ヒット作は多いものの、そのいずれもが『ドラえもん』の陰に隠れていることは、本人はどうとも思っていないにしろ、ファンにとっては大いなる不幸である。藤子Aは「無冠の帝王」とも一部で呼ばれていた。コンビ解消前に受賞した小学館漫画賞はいずれも藤子F作品であるし、その後も漫画関連の賞は一つも受賞していなかった。初めての受賞は2005年の第34回日本漫画家協会賞文部科学大臣賞である。デビュー50年目にして初の受賞である。
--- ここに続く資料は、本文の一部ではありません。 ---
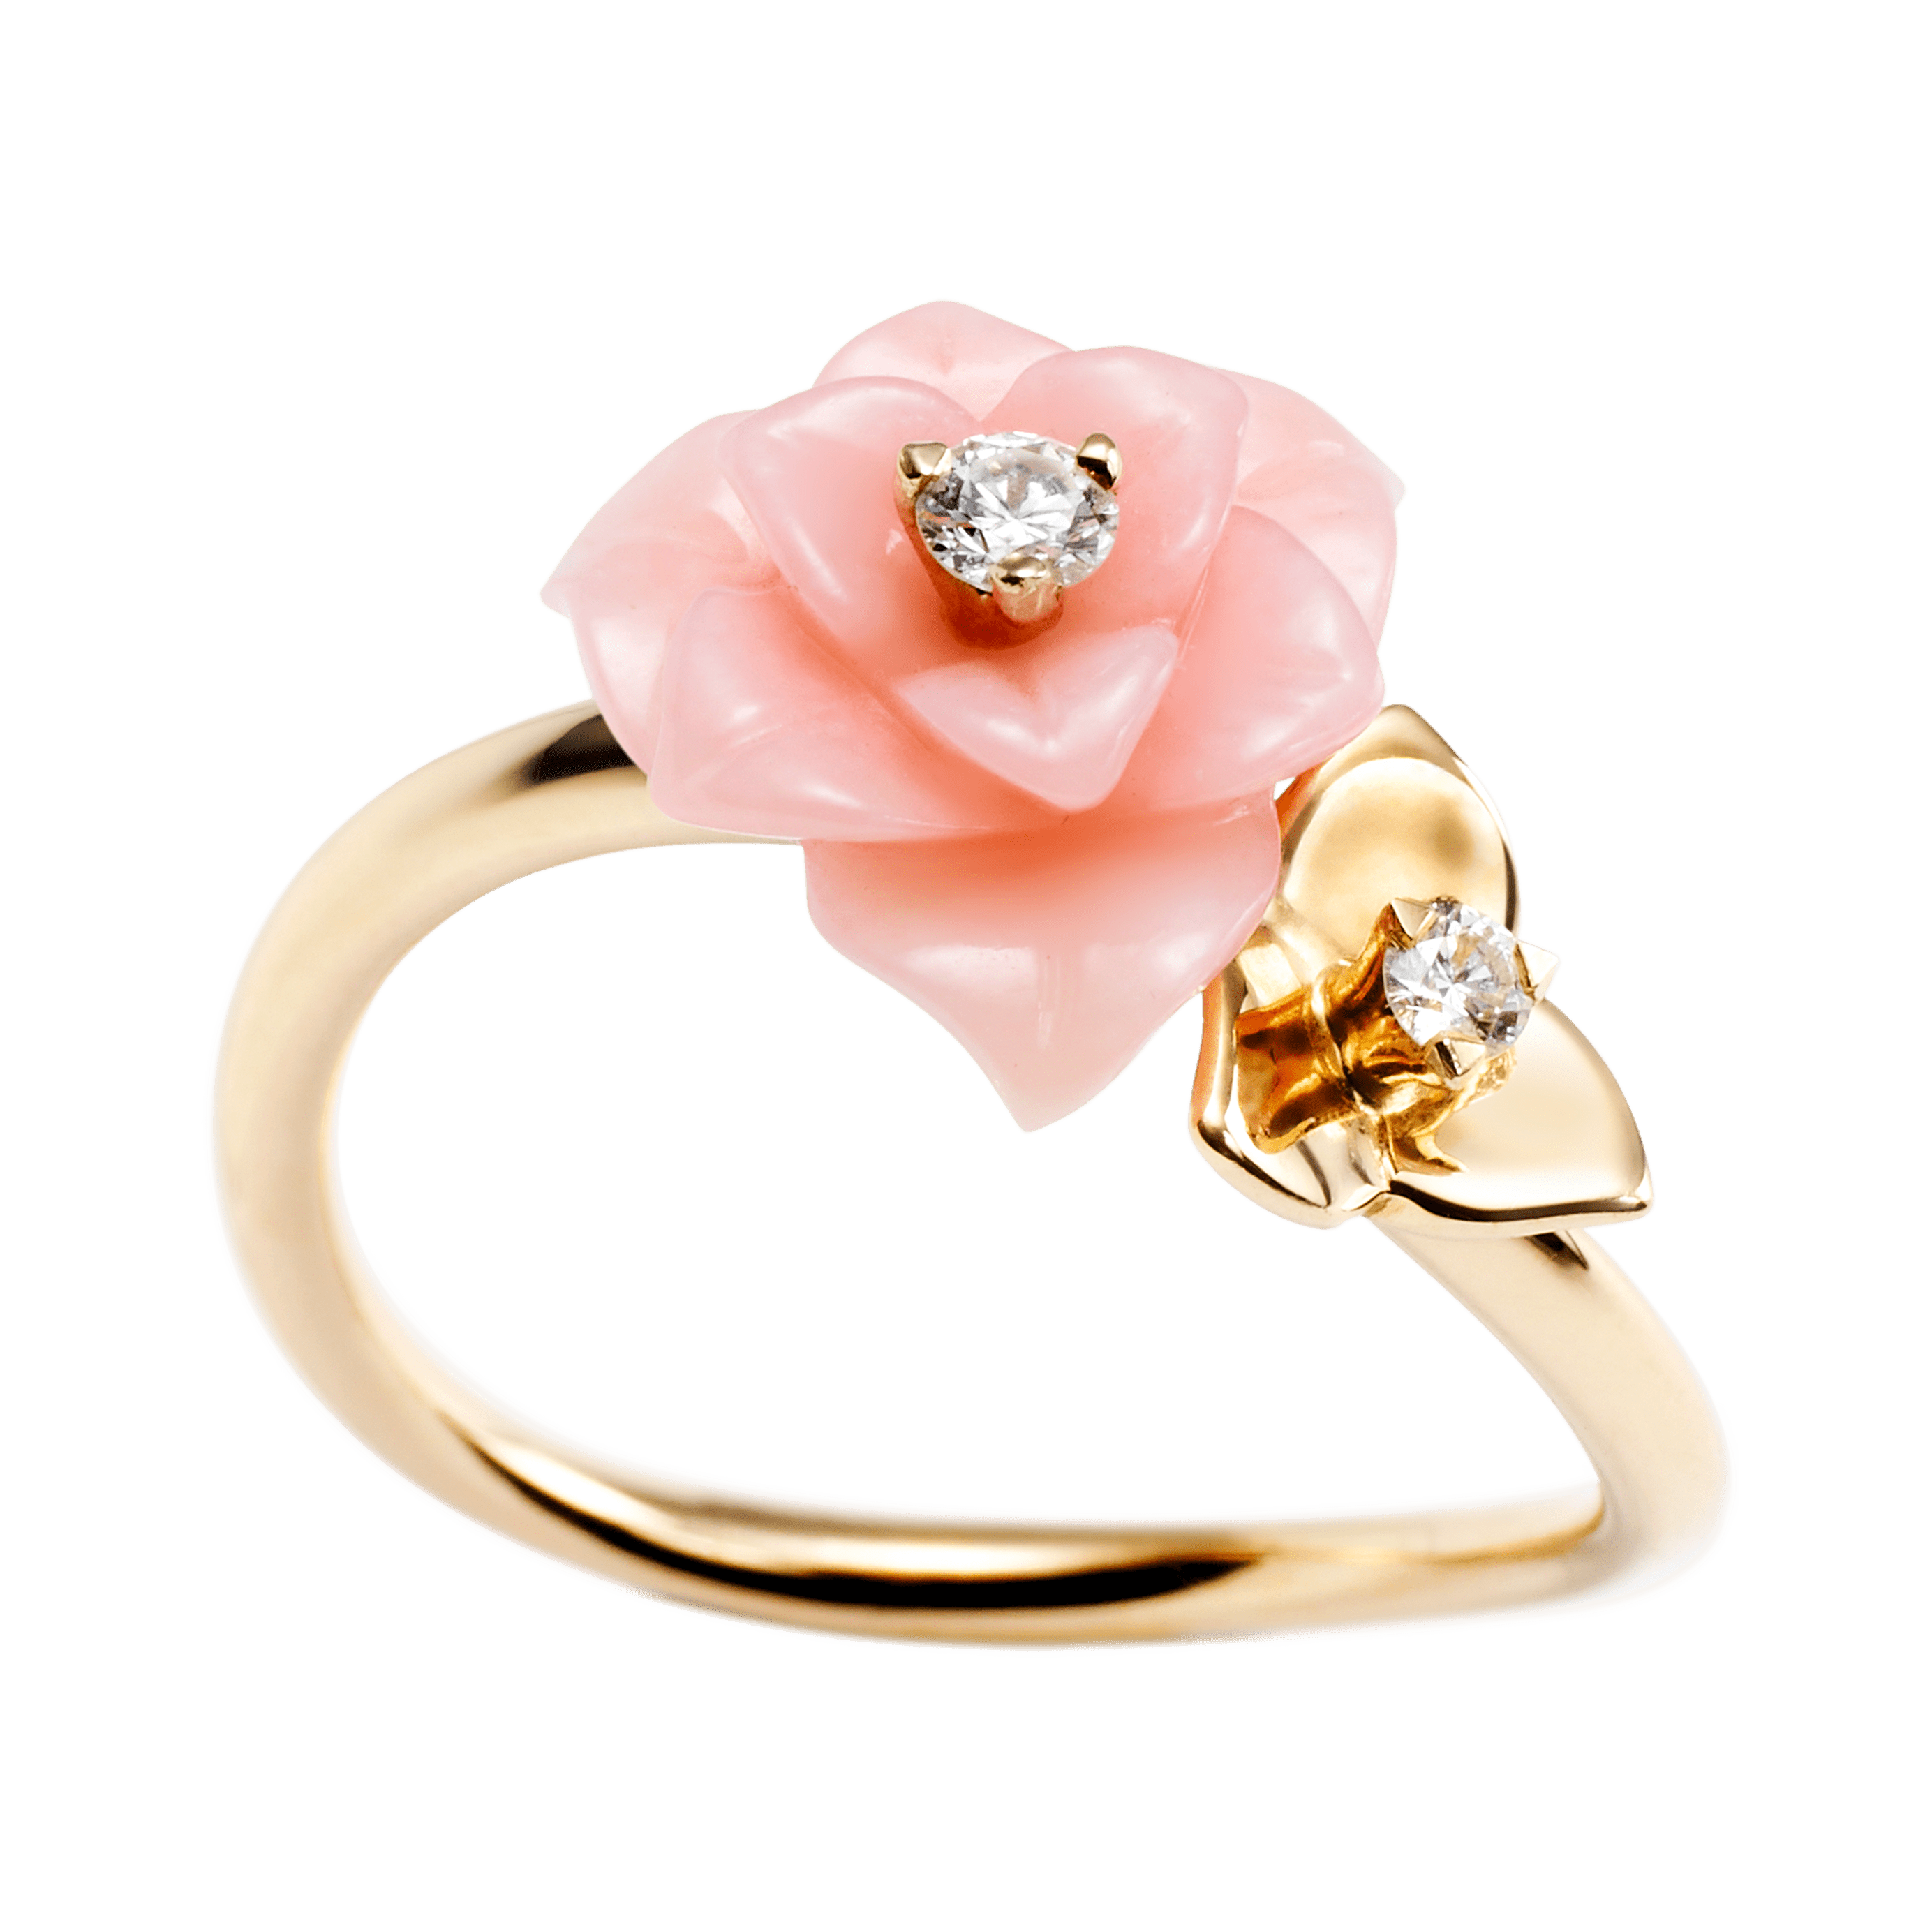 Rose gold Opal Diamond Ring G34UR600 - Piaget Luxury Jewelry Online

話が横道に逸れてしまったので元に戻すが、本書は藤子Aファン7人がテーマ毎にその魅力をたっぷりと語った1冊である。メーリングリストを使った座談会形式になっているので、所々行ったり戻ったりしている部分があるのはもどかしいが、ファンならではの熱さとディープさは十分感じられる。藤子Aのギャグ漫画が赤塚不二夫全盛期と重なっており、競い合っていたという事実はなるほどと唸らされた。
残念なことと言えば、最初の『まんが道』あたりではまだ手探り状態だったのか、今ひとつ議論が噛み合わず、そしてディープさが足りなかったこと。そしてあとがきでも書かれているが、『プロゴルファー猿』といったスポ根もの、『魔太郎が来る』『ブラック商会変奇郎』のような長編ブラックもの、『笑うせぇるすまん』『憂夢』のような連作ブラックもの、『シルバークロス』のようなアクションものなどについて語られていないことだ。次を予定しているのであれば、PARマンシリーズのエッセイなどにも触れてほしいところだ。
それと座談会形式では話題が拡散してしまうので、ご本人による評論集もお願いしたい。